Johannesburg - Consumer confidence levels remain very low and consumer spending is expected to continue to grow at a pedestrian pace, according to FNB chief economist Sizwe Nxedlana.

"While interest rate hikes will eventually also start to weigh on spending by more affluent households, consumer spending by lower income households will likely remain under the most pressure in coming months," he said.

"A confluence of adverse economic developments have gradually eroded the spending power of households over the last two years."

These include insufficient job creation, protracted industrial action, soaring fuel prices, higher household tax burdens (including the impact of e-tolls), a slowdown in household credit extension and a moderation in government wage growth and welfare spending.

"The fact that consumer confidence did not slump further during the first quarter of 2014 in the face of this barrage of negative factors, suggests that there may yet be some resilience in the consumer sector, particularly amongst high income households," Nxedlana said.

Confidence index

The latest FNB/BER consumer confidence index (CCI), released on Wednesday, improved from -7 to -6 index points during the first quarter of 2014.
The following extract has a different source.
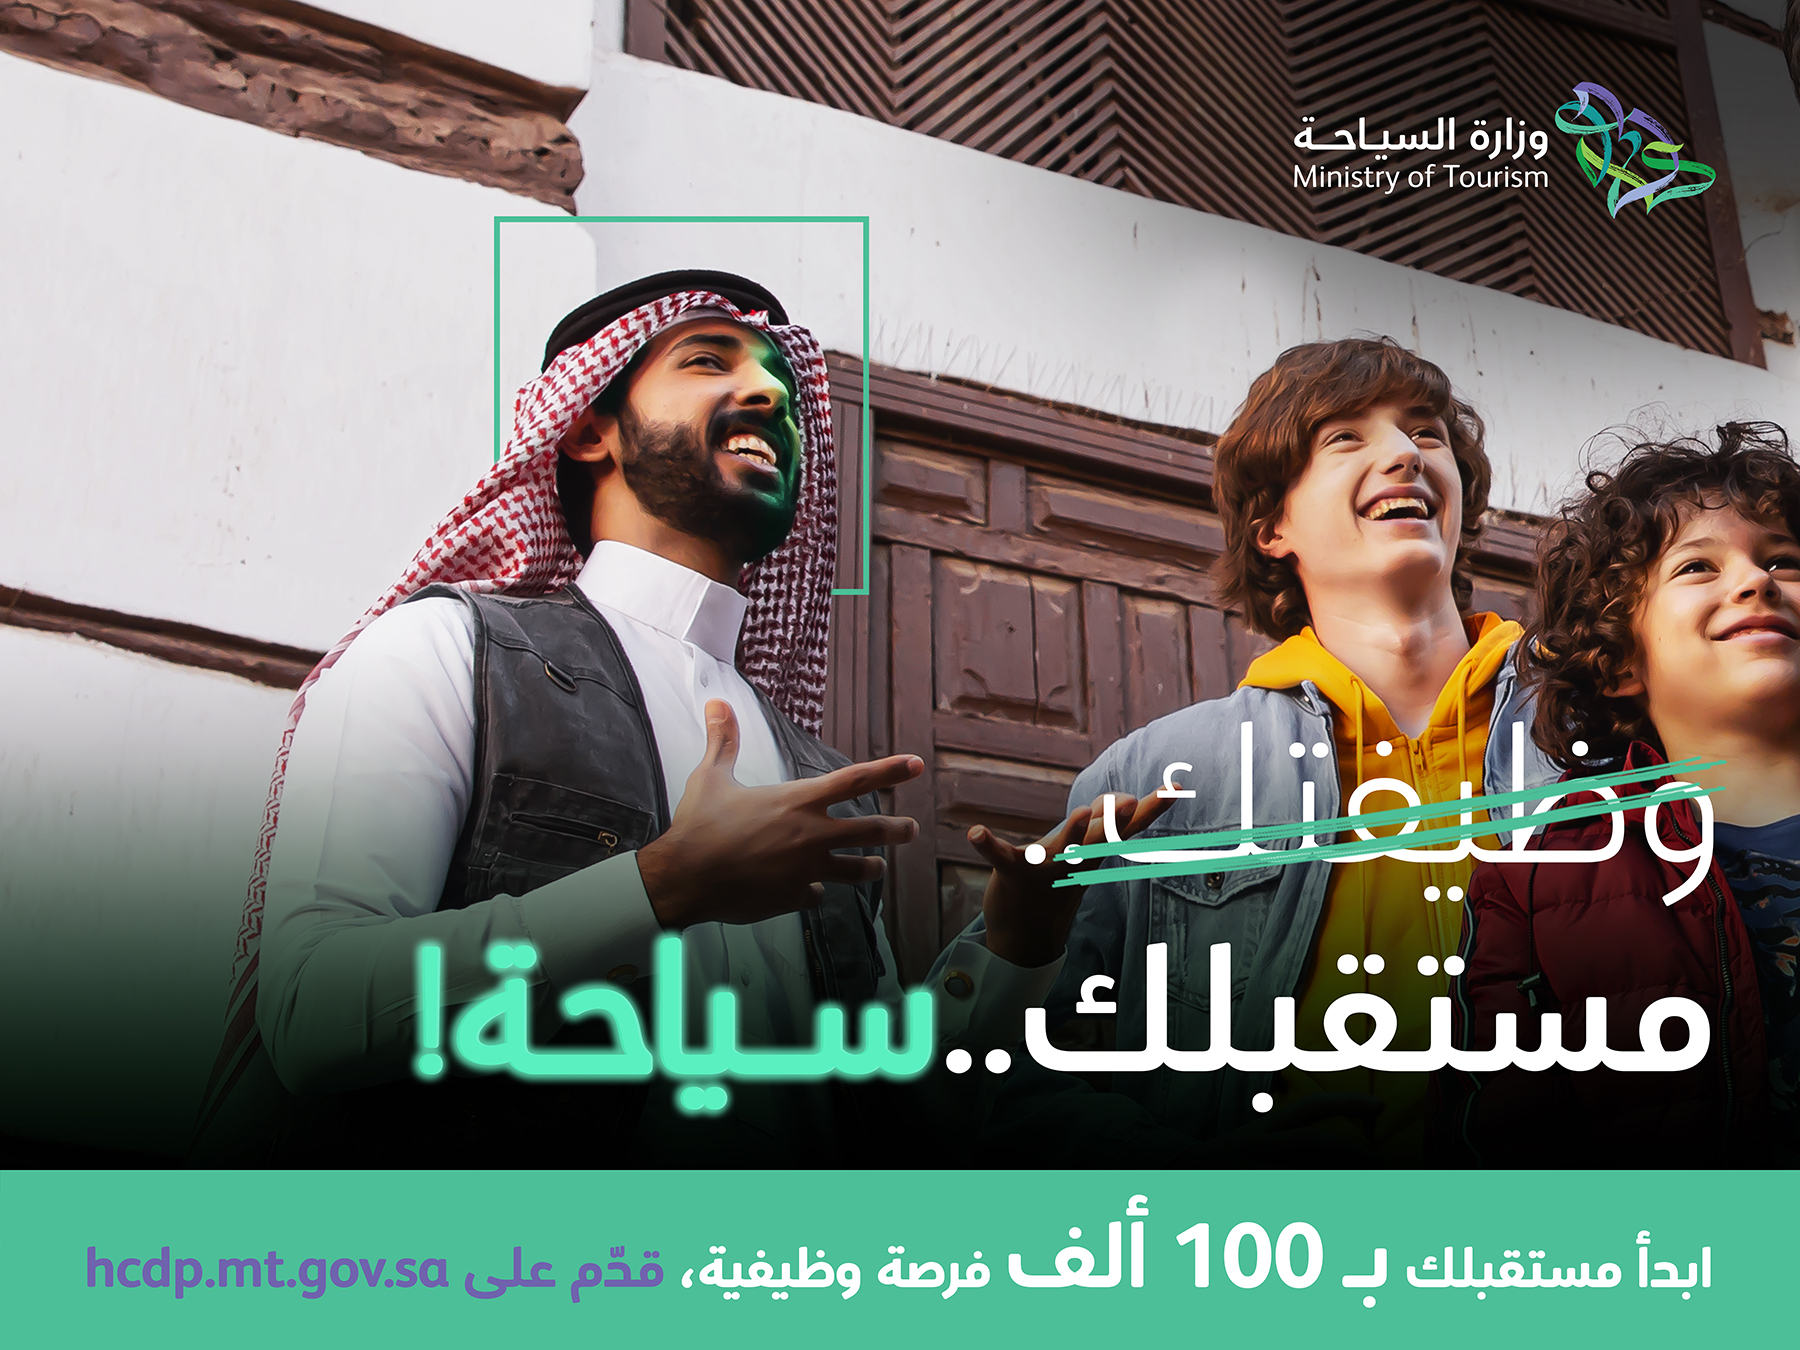 وزارة السياحة تطلق حملة “مستقبلك سياحة” لتوفير 100 ألف فرصة وظيفية للكوادر الوطنية

The latest reading is only marginally higher compared to the decade low of -8 reached during the third quarter of 2013.

Consumers’ rating of the outlook for the national economy improved slightly, but their rating of the appropriateness of the present time to buy durable goods deteriorated to the lowest level since the 2009 recession.
 
Consumers’ rating of their own financial prospects were unchanged compared to the previous quarter, with high income consumers remaining much more optimistic about their household finances compared to low income consumers.

Power outages
 
The current level of consumer confidence is comparable to the reading of -6 recorded in the second quarter of 2008 when an acute shortage of electricity led to a spate of power outages throughout the country.

"Although domestic demand will likely remain under pressure in the face of rising inflation and interest rates and a slowdown in household income and credit growth, a gradual recovery in net exports should bolster real GDP growth during 2014, said Nxedlana.

"The upturn in world economic growth, coupled with a weak rand exchange rate, is boosting South Africa's export performance, while weaker domestic demand and rising import prices should, in turn, curtail import volumes."